Wednesday, June 18, 2025

I Served The King of England by Bohumil Hrabal, r. Jun. 2025

p. 25 ... and just remember, my boy, if life works out just a tiny bit in your favor it can be beautiful, just beautiful.

p. 151 I also learned that the closest one person can be to another is through silence, an hour, then a quarter-hour, then the last few minutes of silence when the carriage has arrived, or sometimes a military britzska, or a car. Two silent people rise to their feet, gazing long at each other, a sigh, then the final kiss, then the man standing in the britzska, then the man sitting down and the vehicle driving off up the hill, the final bend in the road, the waving handkerchief.

p. 182 That was the height of my career, that was what made me a man who had not lived in vain. I began to look at my hotel as a work of art, as my own creation, because that was how others saw it, and they opened my eyes...

p. 215 ... it was a way of making fun of myself, because I was independent now and beginning to find the presence of other people irksome, and I felt that in the end I would have to speak only with myself, that my own best friend and companion would be that other self of mine, that teacher inside me with whom I was beginning to talk more and more.

p. 226 ... when I looked back on [my life, it] seemed to have happened to someone else. My life to this point seemed like a novel, a book written by a stranger even though I alone had the key to it, I alone was a witness to it, even though my life too was constantly being overgrown by grass and weeds at either end.

p. 227 And I talked in a jumbled way about how beauty had another side to it, about how this beautiful countryside, like a round loaf of bread, was all related to whether you could love even what was unpleasant and abandoned, whether you could love the landscape during all those hours and days and weeks when it rained, when it got dark early, when you sat by the stove and thought it was ten at night while it was really only half past six, when you started talking to yourself...

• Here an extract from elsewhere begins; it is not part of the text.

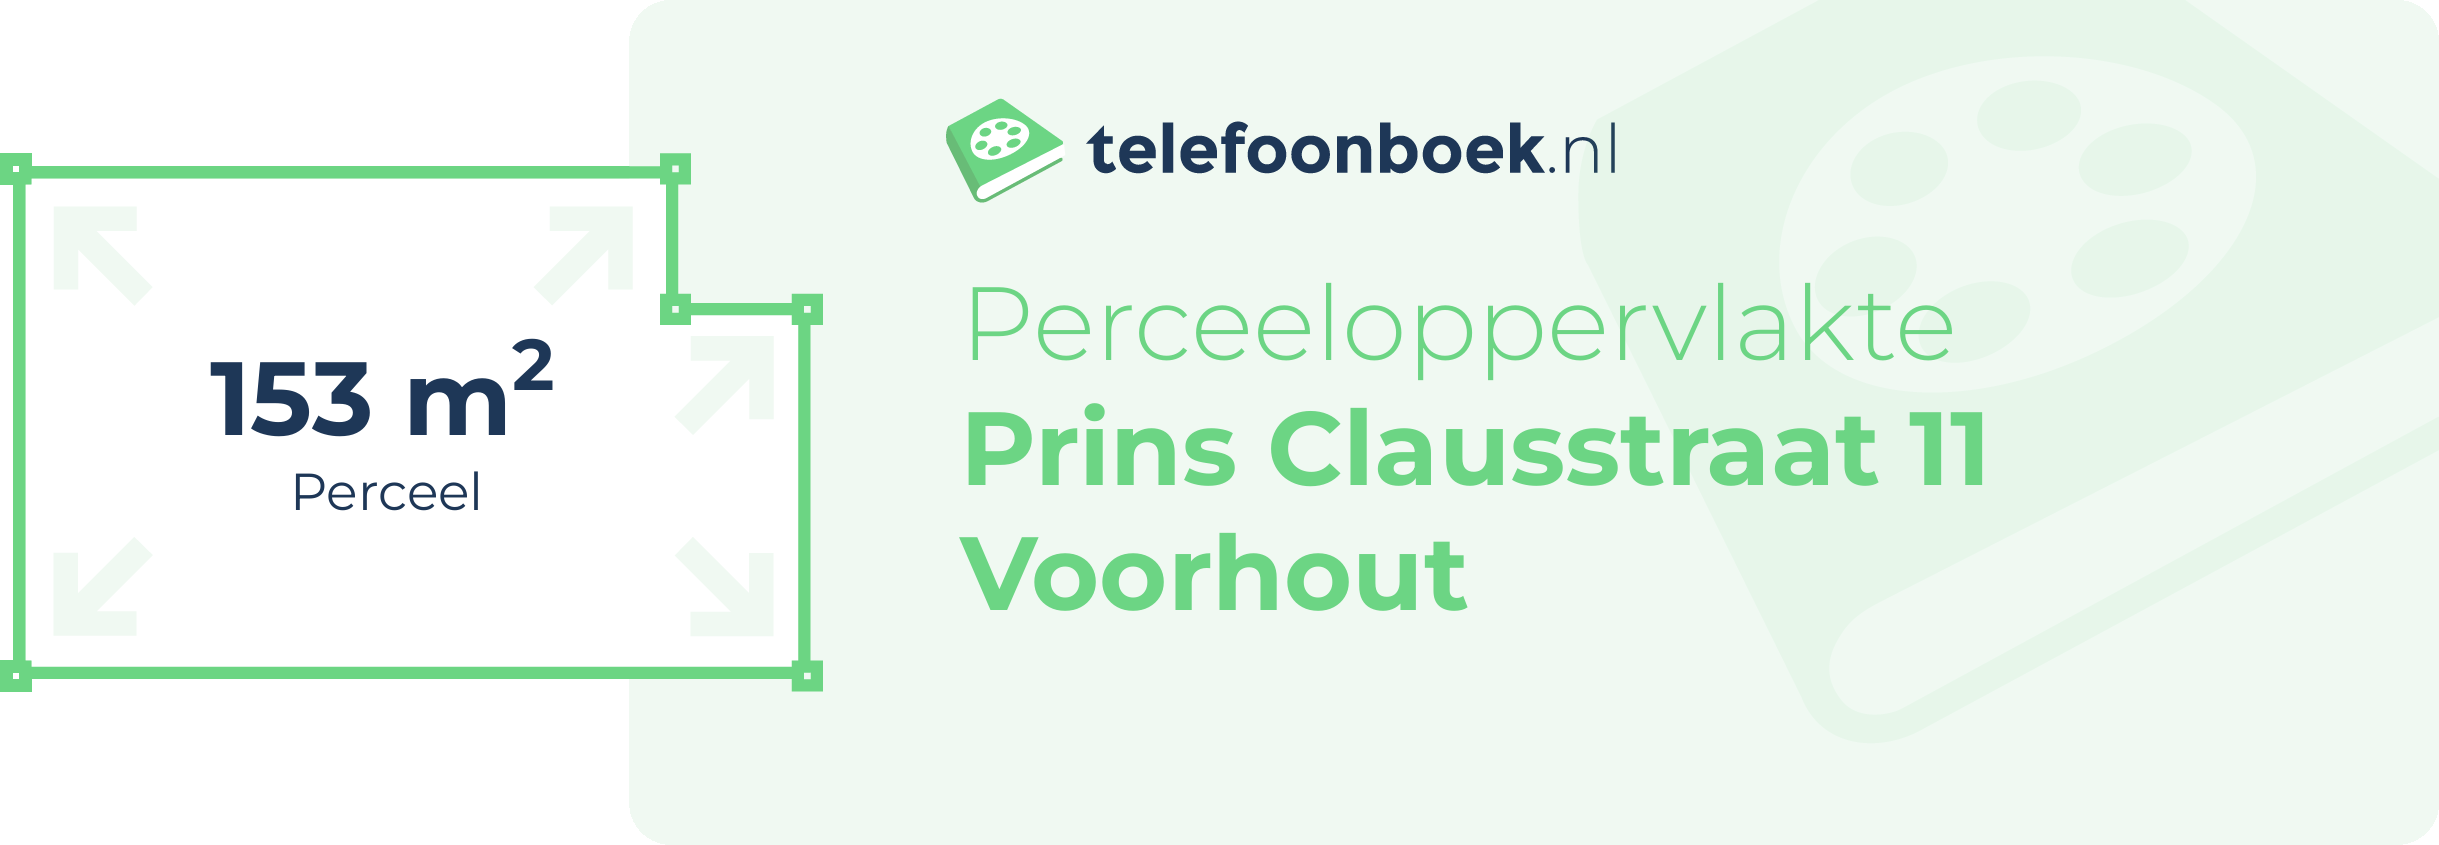 Perceeloppervlakte Prins Clausstraat 11 Voorhout

p. 236 And I longed to write everything down just as it was, so others could read it and from what I said to myself paint all the pictures that had been strung like beads, like a rosary, on the long thread of my life, unbelievable beads that I had managed to catch hold of here as I looked out the window and marveled at the falling snow that had half buried the cottage.

p. 239 At first the pictures were unclear and I even wrote out some that had no point to them, but then suddenly the writing began to flow, and I covered page after page while the pictures in front of my eyes went by faster than I could write, and this gap between pictures and the writing kept me awake at night.